穿過彎彎繞繞的山腸,他們最後停在了之前放置陶胚的山洞中。

經過多次修整、兩次燒制,山洞裏多出了許多痕跡。

流動的空氣中,不僅殘存著木炭熏火,還有陶器的味道。

聞擇舉著火把向上看,問了卓穆他們幾個問題。

“之前就是這個地方的陶器,燒成了磚一樣的陶片是吧?”

桑回答道:“對。我看了下,卓穆他們把其他地方也修得和這裏差不多了。”

聞擇:“嗯,我提不出什麽建議,得燒一次磚,看看成果。”

卓穆:“那我們下午就去收集木柴了。”

吉砂問:“第一次準備燒多少磚?”

聞擇想了想:“因為我想用紅陶土燒,怕燒壞了,浪費紅陶土,不然就先少燒點磚看看?”

卓穆沒答應:“不管多少,燒一次窯,都要用很多木柴。所以,正常燒吧,領地內的紅陶土足夠用。”

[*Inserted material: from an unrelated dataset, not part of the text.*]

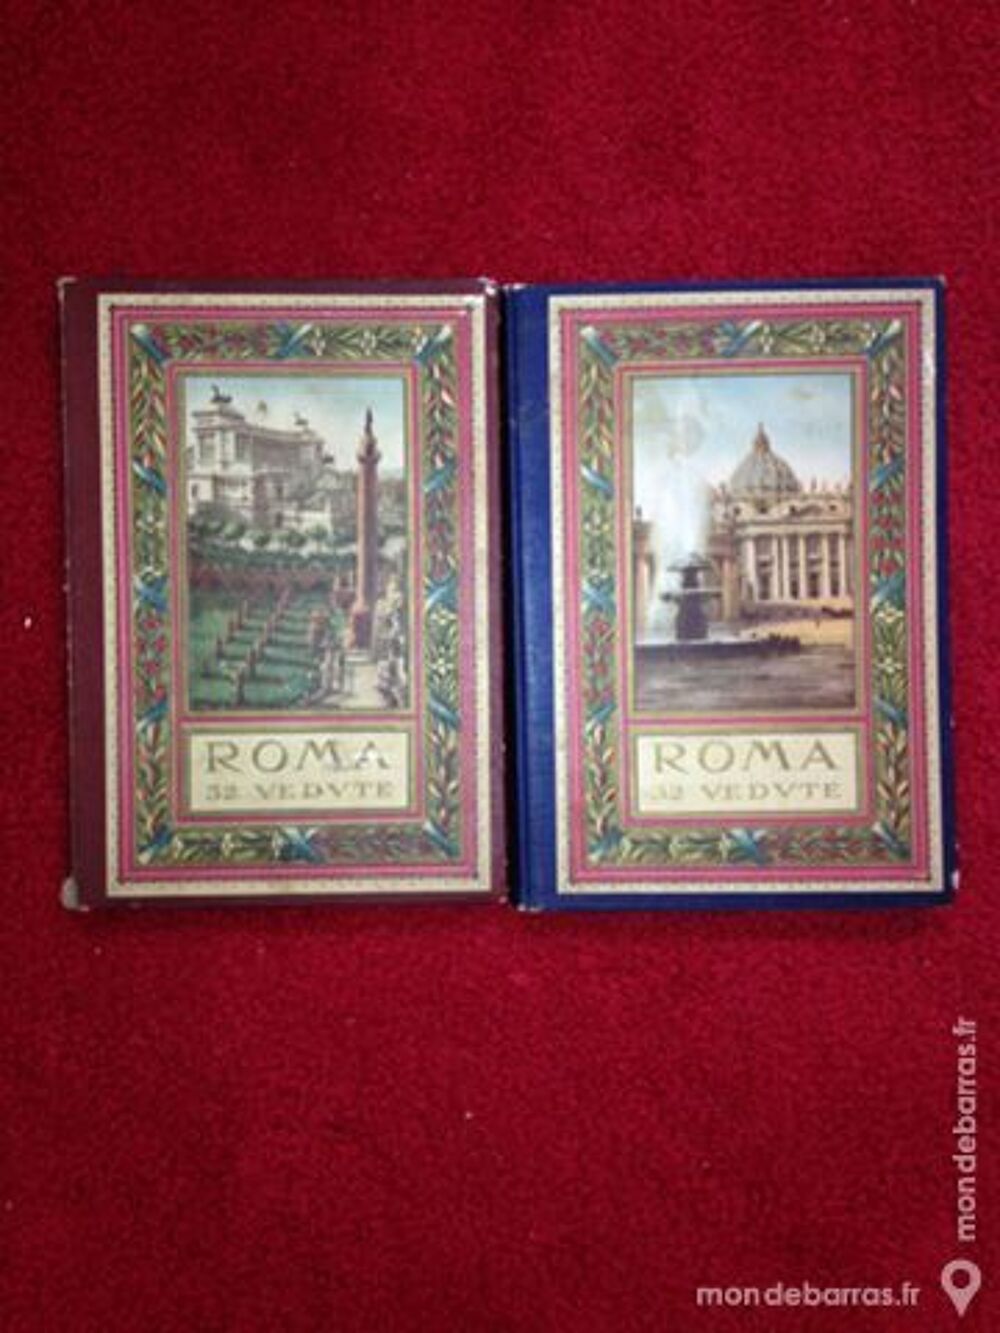 ROMA 32 cartes postales anciennes Livres et BD

桑回也說:“我讚成卓穆,說不定咱們一次就燒成了呢?不用在這方面節省。”

他們的態度,讓聞擇十分感動,點頭:“好,聽你們的。”

同時,他盤算著,如果真的燒壞了,能把這些磚頭用在什麽地方。

幾個人又轉了兩圈,才從陶窯離開,回到了部落。

場面和離開之前差不多,大家並不拘泥和自己部落的人合作,而是擰成了一股繩,做自己最擅長的事情。

註意到聞擇回來,大家紛紛停下,熱情地和他打著招呼。

“聞擇,你來看看我們做得怎麽樣!”

聞擇笑著應聲:“好啊。”

檢查下來,沒什麽問題,聞擇又誇獎了大家一番,給大家說得喜氣洋洋的。

他還註意到,羽猛部落的幾個鳥系亞獸人特別受歡迎。

幾個族長都去和郁橋、長川他們預定了織布機的部件,鸞迅正幫他們談著交換的物資。

這等受重視的感覺,讓整個羽猛部落的人都倍感自豪,腰桿挺得直直的,臉上的喜色一直不曾消散。

大家通力合作,下午又做出了三架織布機來。

收集木柴的卓穆也回來了。

來這裏學習織布的人,學得差不多,可以出師了。

一共四架成品織布機,顯然不夠他們六個部落分。

但是這次,大家都很謙讓,最終定下了虹日、羽猛部落等下一批。

聞擇見天色不早了,有預感幾個部落的人要告辭了。

果然,幾個族長結伴來到了他面前。

先開口的是赤嶼,卻不是告辭,而是鄭重地和聞擇說:“聞擇,謝謝你教我們打造織布機、用織布機織布,我們幾個部落商量了下,往後你們家需要的布,都交給我們織吧,不要你的物資。”

狂信接話:“是的,這回我們織了布,先每個部落給你送過來兩捆。”

鸞迅誠摯地說:“或者你今年不缺布料的話,我們可以給你送別的物資來。聽說你蓋房要用木頭,我們部落正好住的都是樹屋,有很多陰幹好的木頭。”

其他幾個族長也點著頭。

聞擇有些意外的同時,心中更因為他們的話,暖洋洋的。

他笑著說:“謝謝你們,我明白你們的意思,如果只是提供我家需要的布料,那我就不和你們客氣了。”

大家本來怕他推辭,齊齊松了一口氣,都高興地笑了起來。

“至於我蓋房要用的木頭,已經收集得差不多了,你們留著吧,以後會用得上的。”聞擇說得篤定。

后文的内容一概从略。